# Preaching to the Choir - Upstream vendors can harm small projects: OpenBSD dev



## jrm@ (Nov 22, 2012)

Upstream vendors can harm small projects: OpenBSD dev


----------



## Crivens (Nov 23, 2012)

Next, Samuel L. Bronkowiz presents: Upstream does not give a flying fsck. At eleven.


----------



## kpedersen (Nov 23, 2012)

All throughout the article, Marc Espie suggests that upstream developers are purely aiming at GNU and Linux... He completely forgets to mention that the software is also likely to be incompatible with all the different Linux distros anyway 

Last time I checked, Fedora SRPMs generally contain a lot of required patches. As does .deb.

I certainly agree with him that the Autotools are a complete failure.


----------



## NewGuy (Nov 23, 2012)

Indeed, there really isn't such a thing as targeting Linux as Linux isn't a single operating system/platform. Software written for Fedora often doesn't work for Ubuntu, projects targeting Ubuntu don't work on Debian, etc. Patches are often required to get software working on the various distros, either applied in download distributions or by developers working with upstream.
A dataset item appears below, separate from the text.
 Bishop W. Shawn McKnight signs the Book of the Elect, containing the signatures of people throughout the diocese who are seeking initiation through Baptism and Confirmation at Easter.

Developers rarely have the time and resources to test their software on the dozens (hundreds, really) different open source operating systems. I think the real problem lies not in which platform is targeted, but how the upstream devs react to patches and suggests from downstream. Do they accept suggestions and code into their project or do they tell downstream they're not interested. This varies a lot from project to project.


----------



## zeissoctopus (Dec 4, 2012)

*A topic by an OpenBSD developer Marc Espie*

Original email by Marc Espie here

Interview with Marc Espire by ITWire here


----------



## SirDice (Dec 4, 2012)

Zeissoctopus, there was already a thread covering this. Thread merged.


----------



## sossego (Dec 5, 2012)

When I'd worked on Gnome for PowerPC and SPARC64, the general attitude of the developers was "Why should we care about anything besides Linux?"


----------



## kpedersen (Dec 5, 2012)

sossego said:
			
		

> When I'd worked on Gnome for PowerPC and SPARC64, the general attitude of the developers was "Why should we care about anything besides Linux?"
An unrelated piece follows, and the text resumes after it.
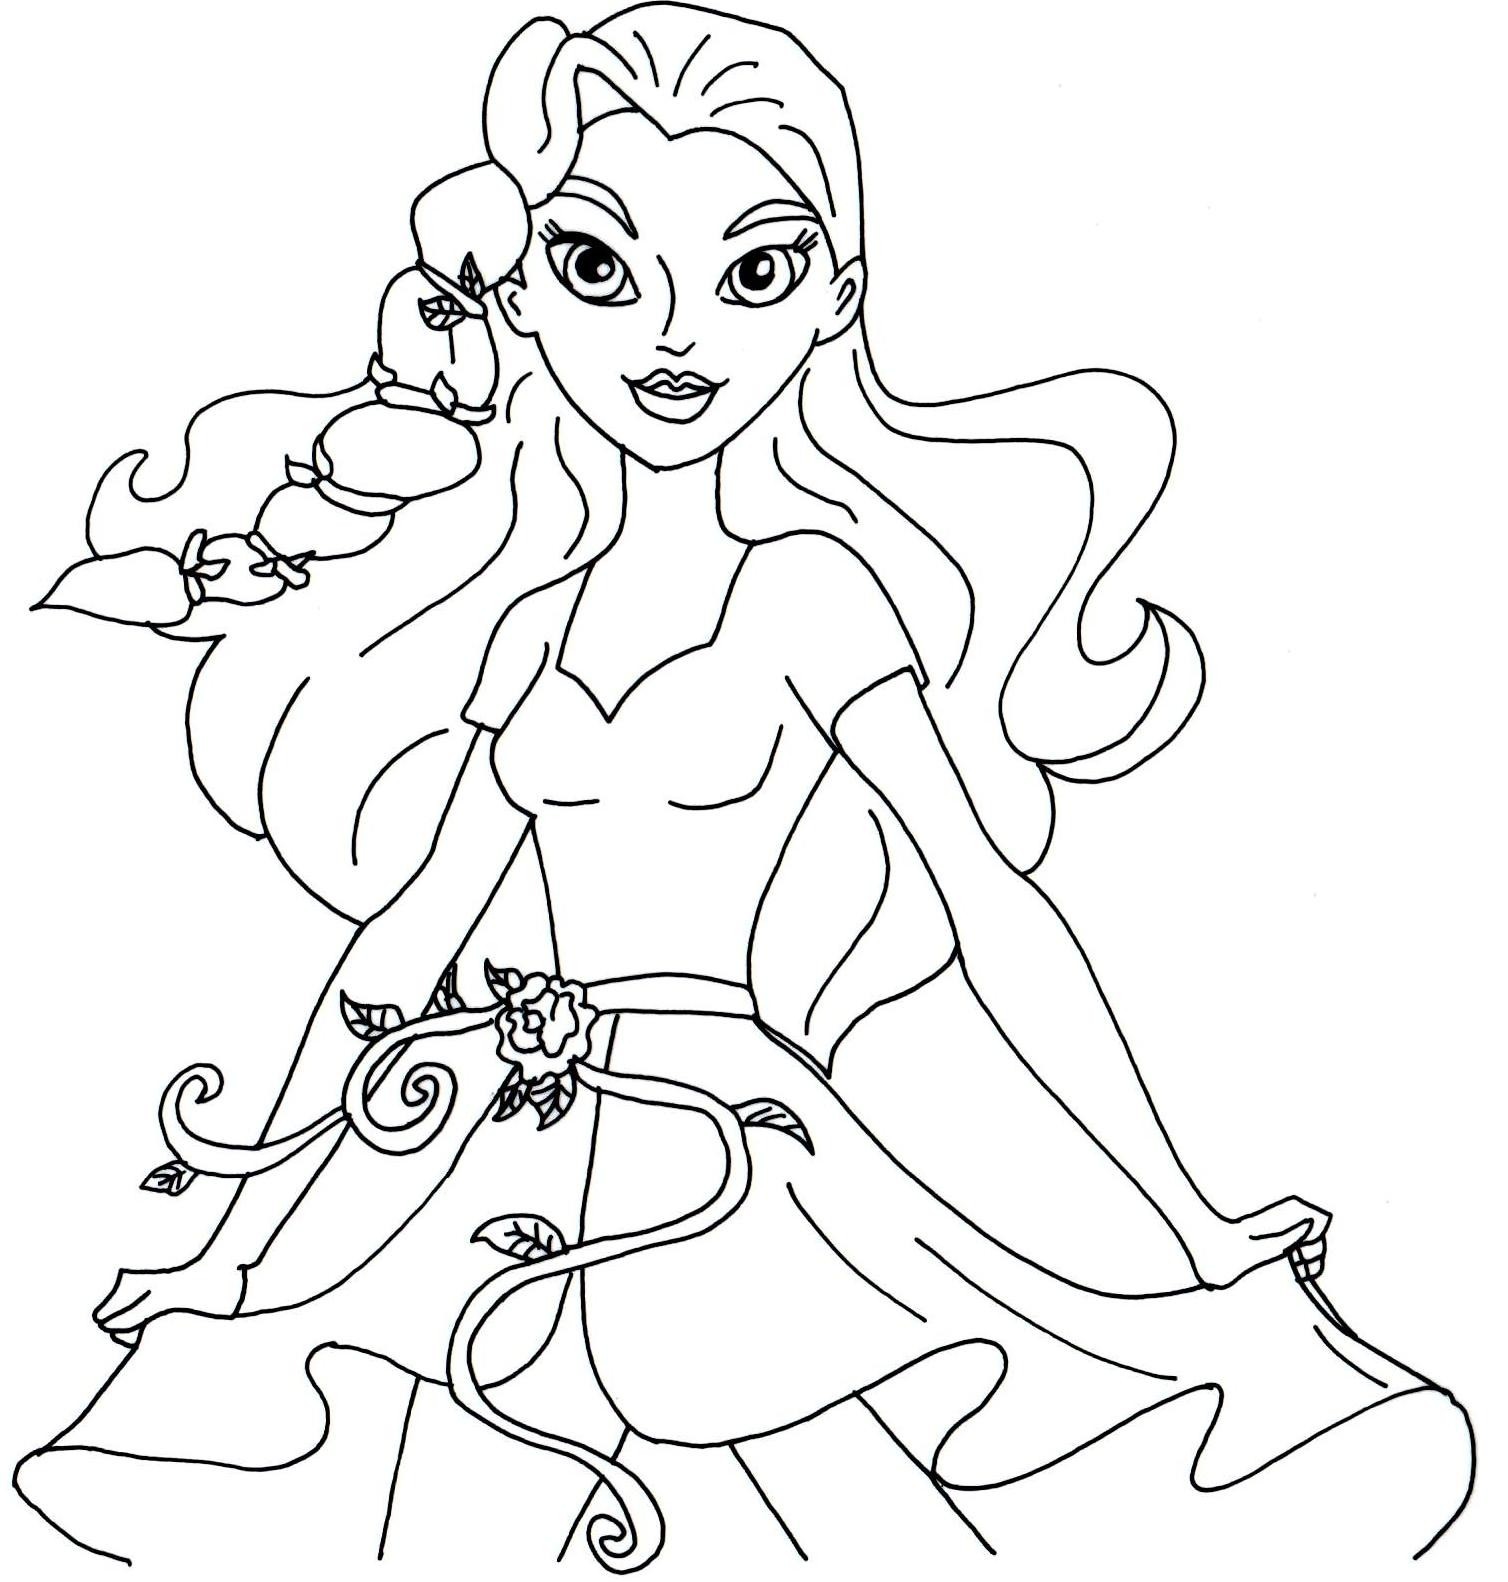 Download DC Superhero Girls Coloring Pages - Best Coloring Pages ...

This is so annoying, especially since those same linux users complain about developers not caring about anything besides Windows.

Linux is so fragmented it is kinda getting in the way of an actual open-source alternative to Windows.


----------



## Crivens (Dec 5, 2012)

kpedersen said:
			
		

> This is so annoying, especially since those same linux users complain about developers not caring about anything besides Windows.
> 
> Linux is so fragmented it is kinda getting in the way of an actual open-source alternative to Windows.



Indeed. If this was orchestrated by a certain Steve B., it could not be better. Or worse. Depending on your point of view. What I think is also behind this is that most of these developers do not know how to work portable or abstract system/cpu/... dependant parts properly. Then they declare this lack of design as a feature. "Free to hack anything" anyone?


----------



## UNIXgod (Dec 6, 2012)

Maybe the next standard could be called GNU-POSIX.... Where all changes are required to be reimplemented in the next standard. The GNU-POSIX standard will imply that all software must be GPL restrictive and any software not bearing the GPL license is a non standard UNIX.

/sarcasm


----------



## xibo (Dec 6, 2012)

UNIXgod said:
			
		

> software not bearing the GPL license is a non standard UNIX.



Who cares about that UNIX thing these days any more? The new version will abbreviate Portable Operating System Interface for *linu*X.


----------